§ **Task to carry out**: Taking the entries below, transcribe only the lines starting with the one with "Sienna Skies - Seasons (Reissue) (2015)" and going on through the one with "Краснодарский край, фото", exactly as written, without the pictures.

═══ Available data ═══

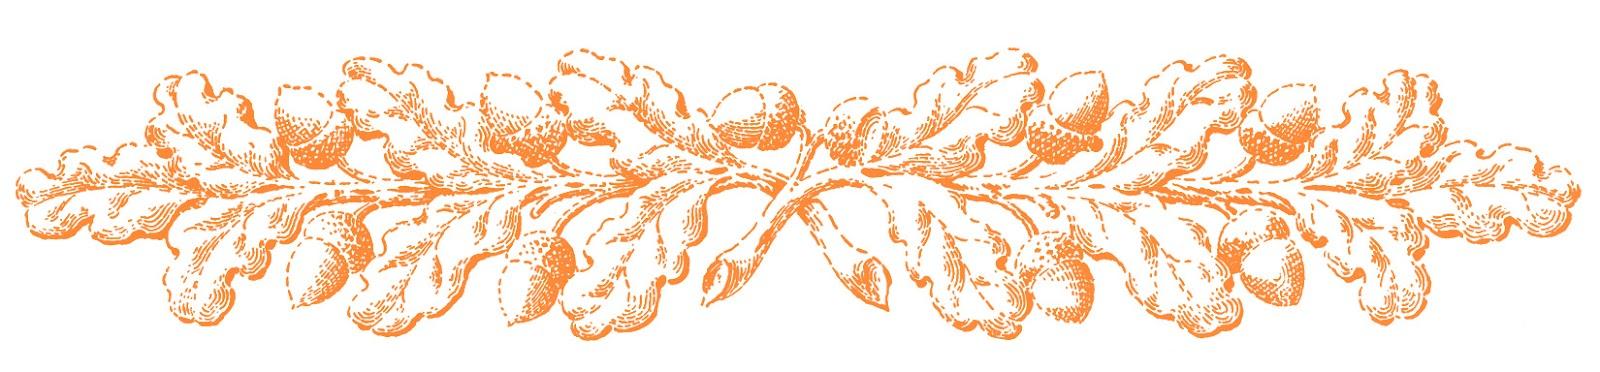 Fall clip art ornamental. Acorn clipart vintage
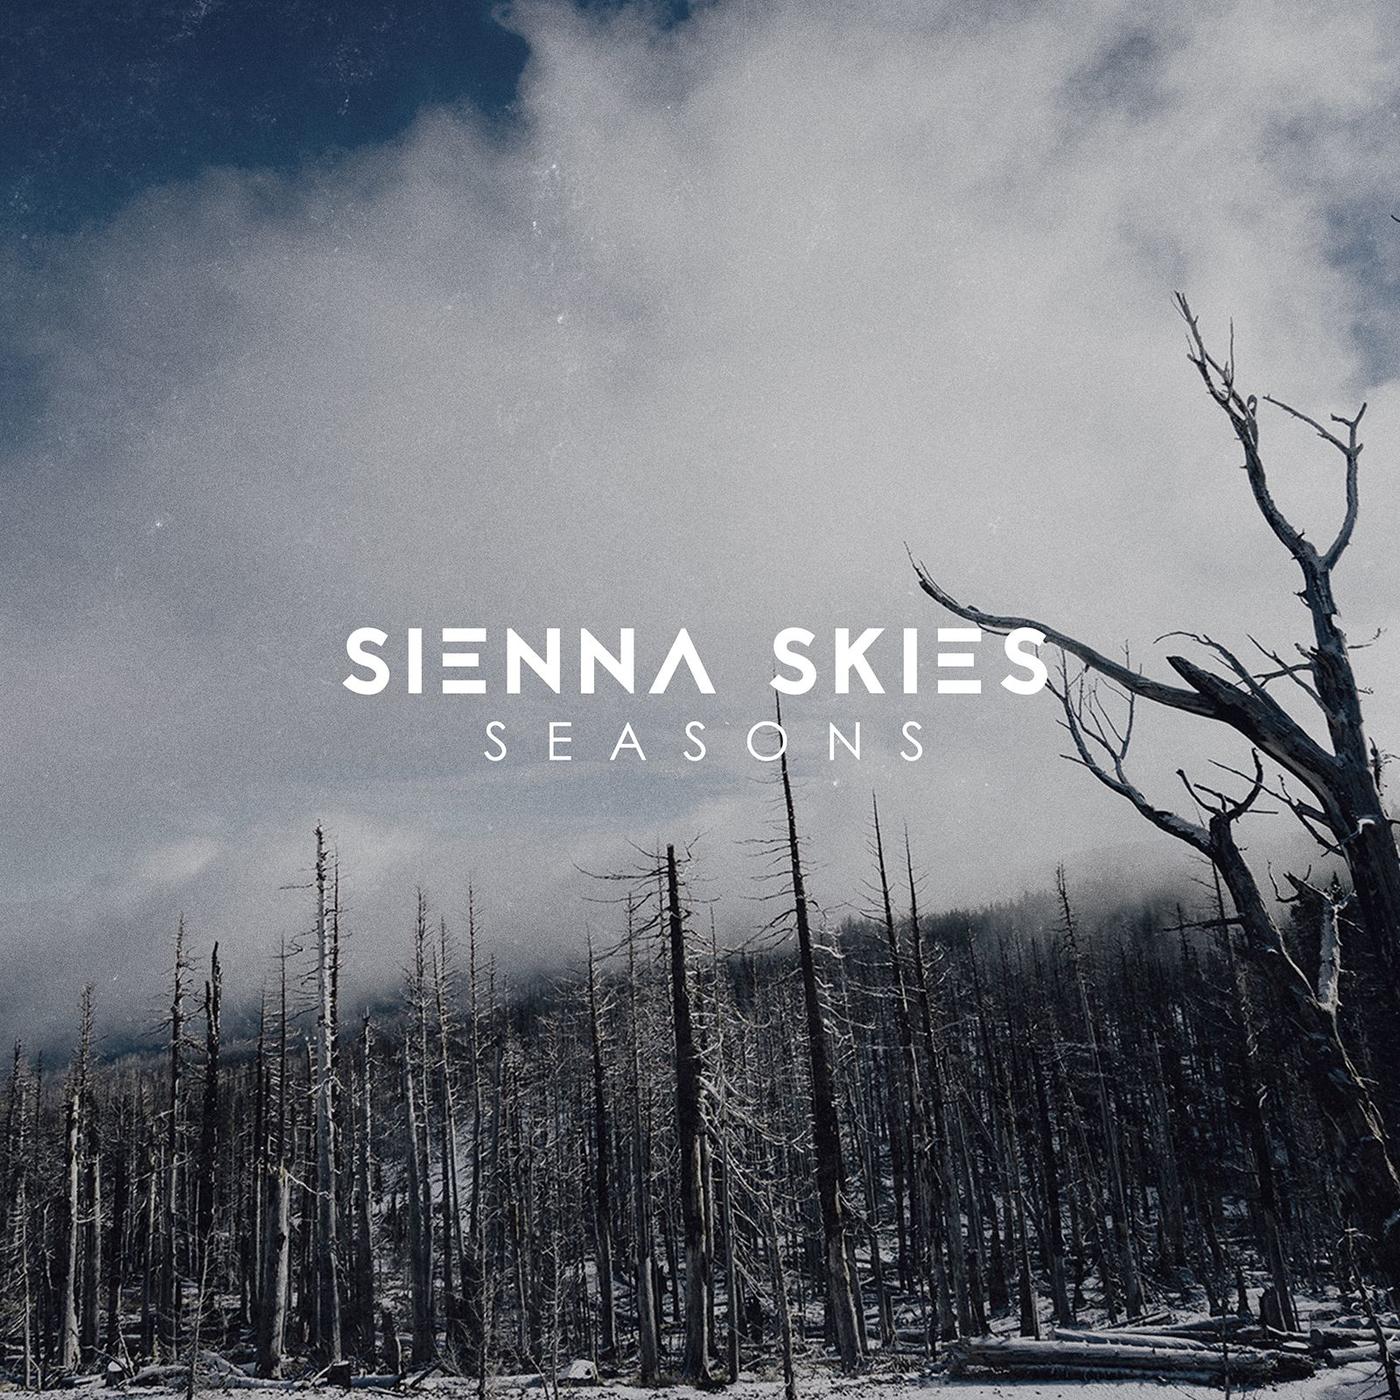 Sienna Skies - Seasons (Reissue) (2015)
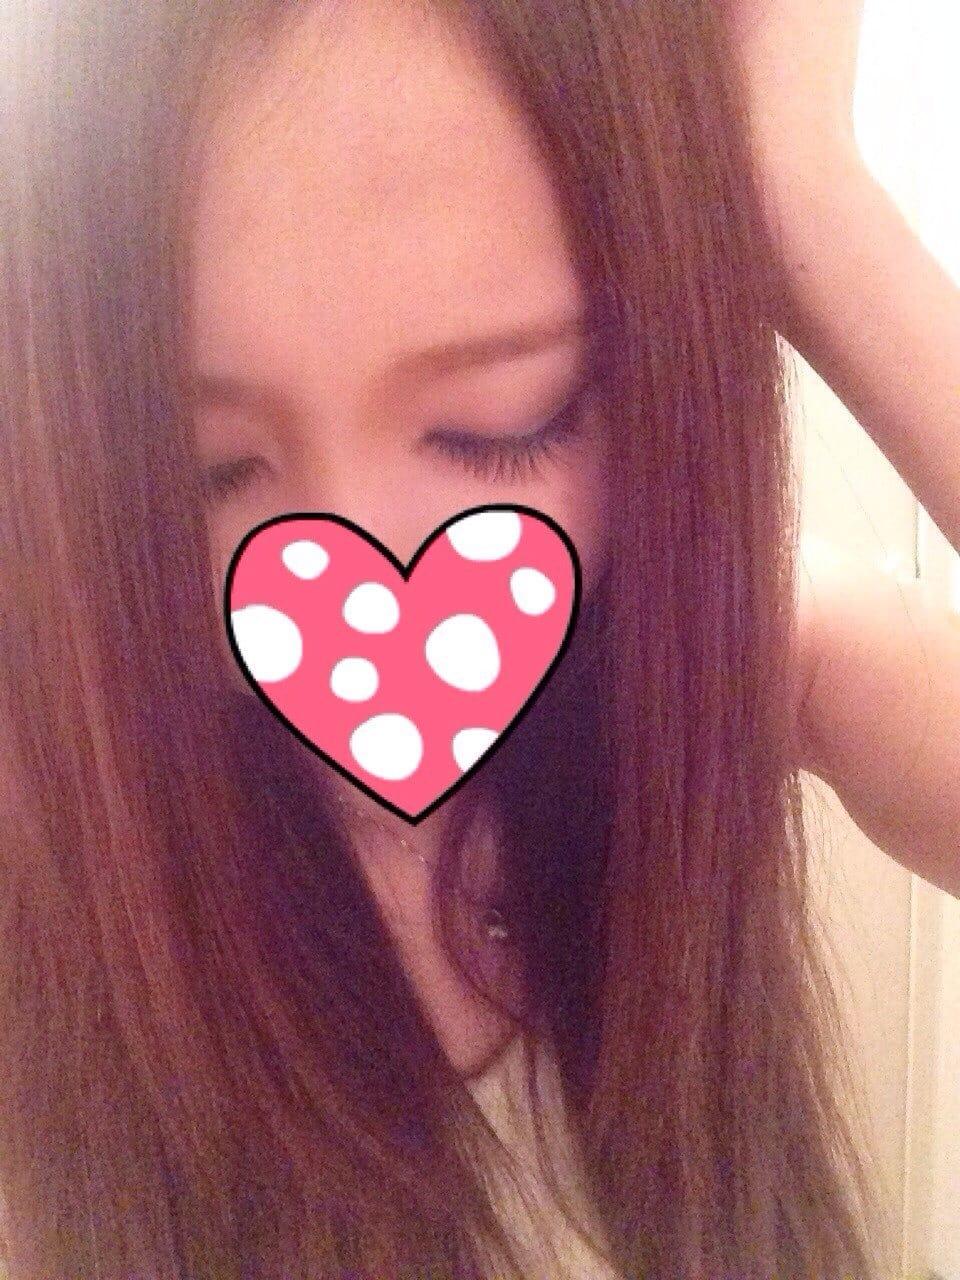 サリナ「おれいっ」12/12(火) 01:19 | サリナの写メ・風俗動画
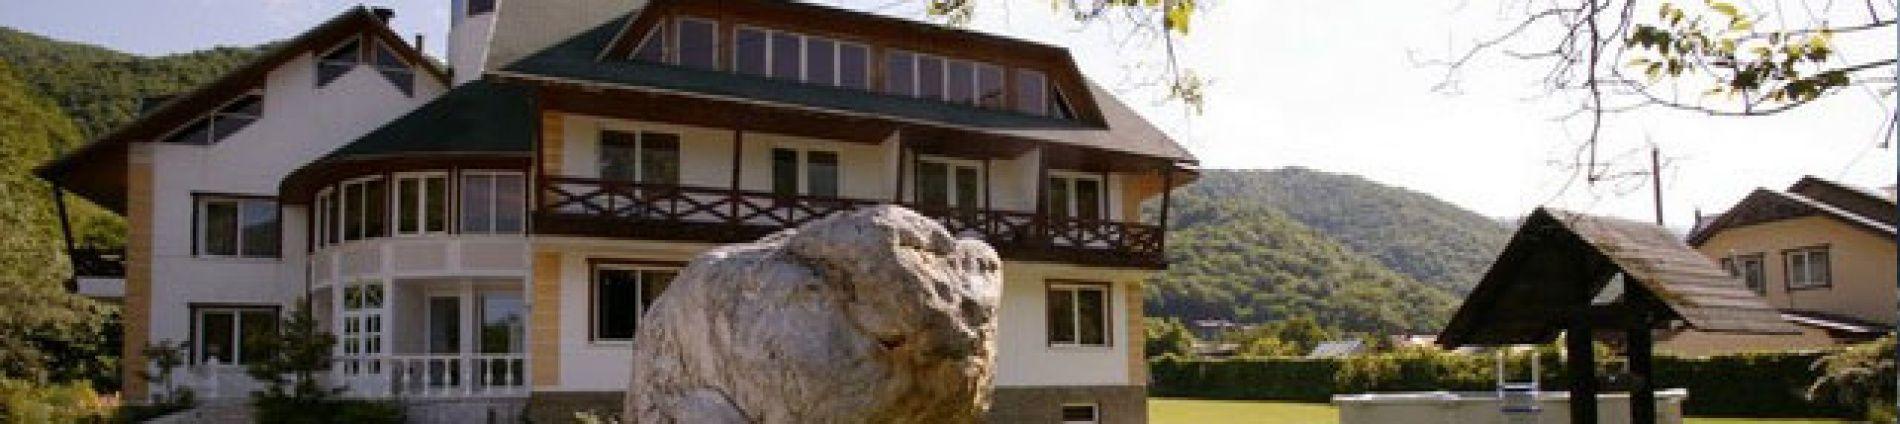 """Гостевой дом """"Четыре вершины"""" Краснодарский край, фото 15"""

═══
═══ Available data ═══

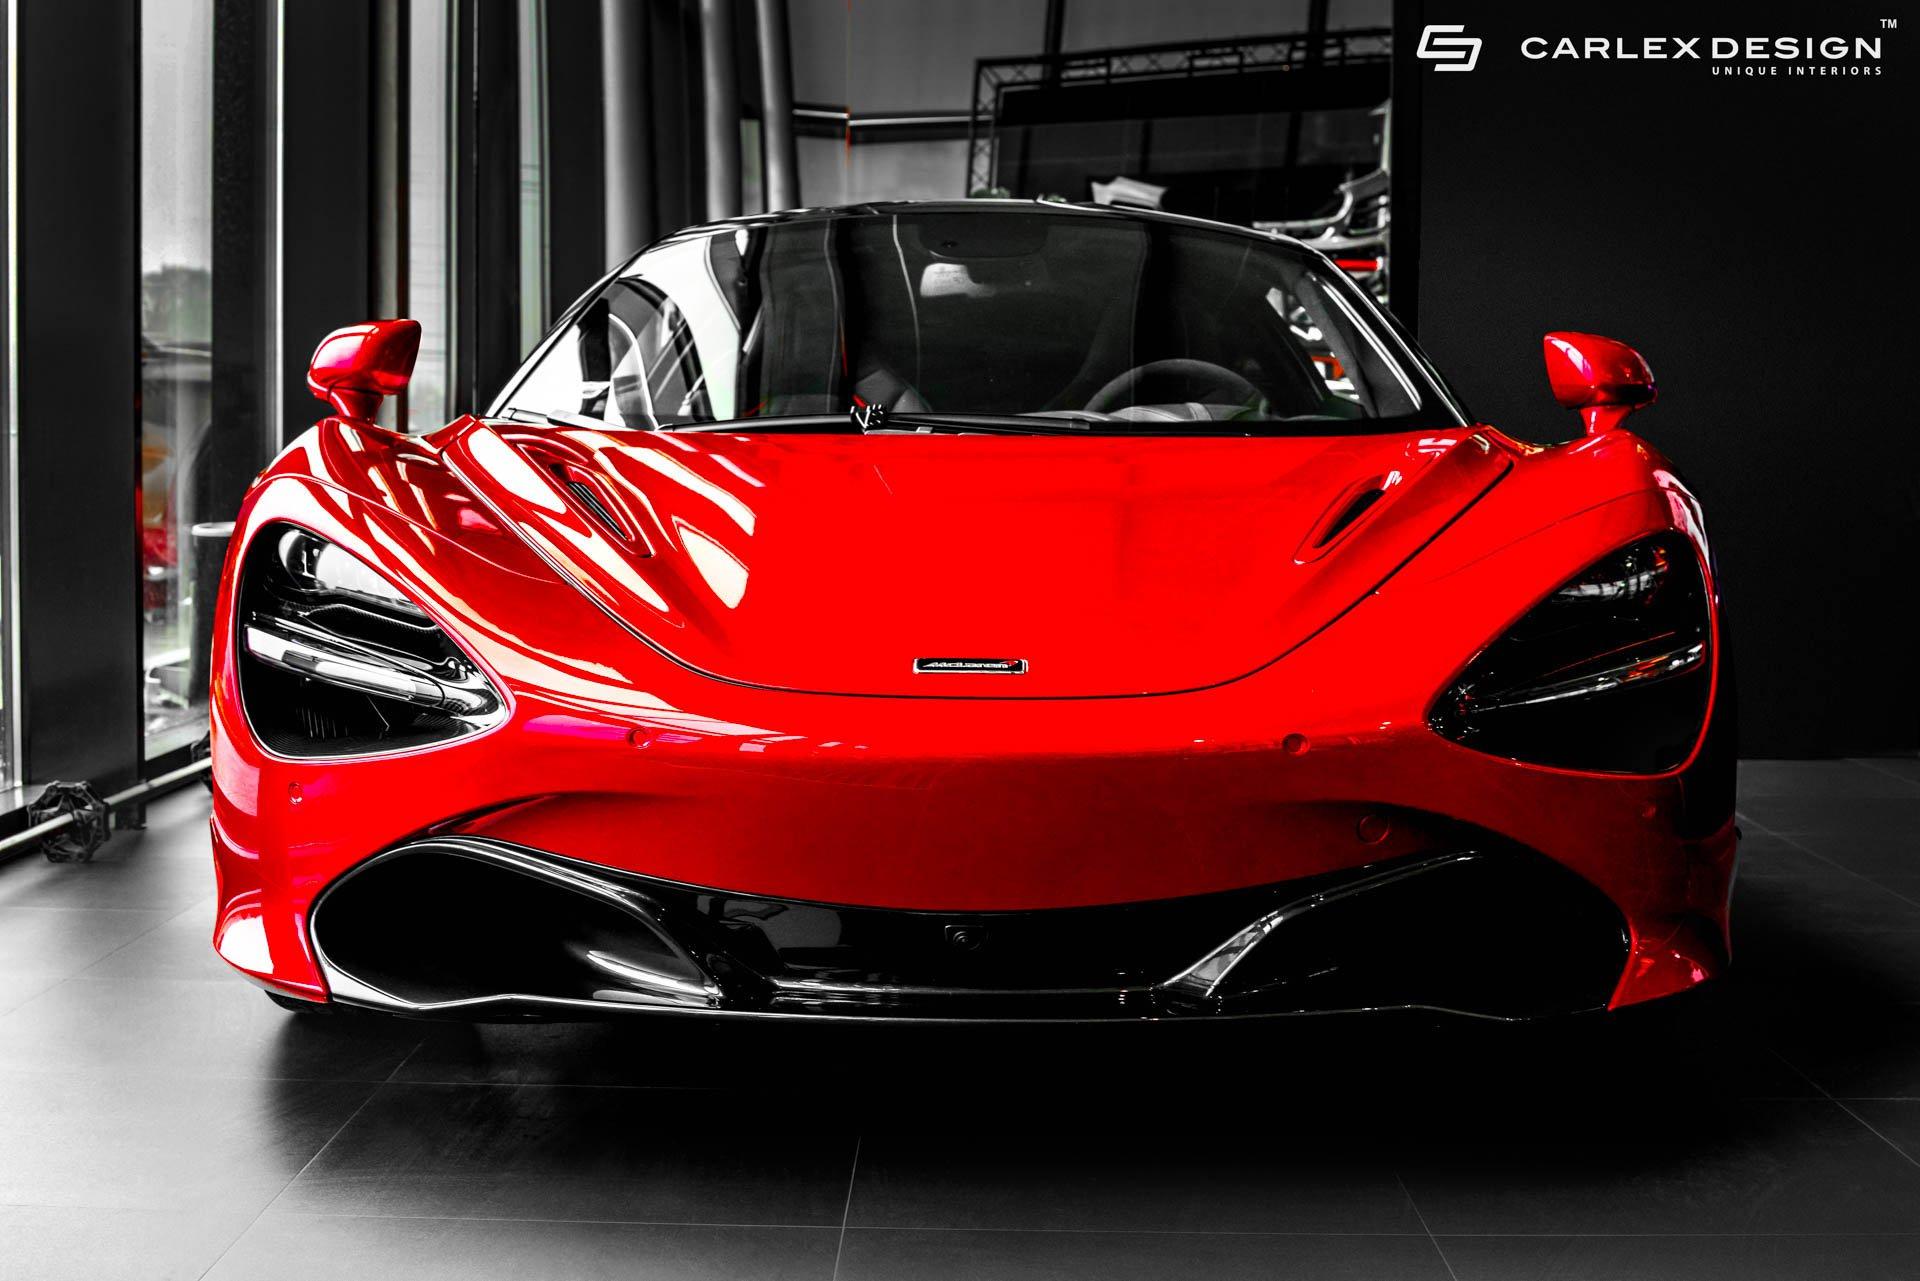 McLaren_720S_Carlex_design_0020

═══

§ **Your solution**:
 Sienna Skies - Seasons (Reissue) (2015)
 サリナ「おれいっ」12/12(火) 01:19 | サリナの写メ・風俗動画
 """Гостевой дом """"Четыре вершины"""" Краснодарский край, фото 15"""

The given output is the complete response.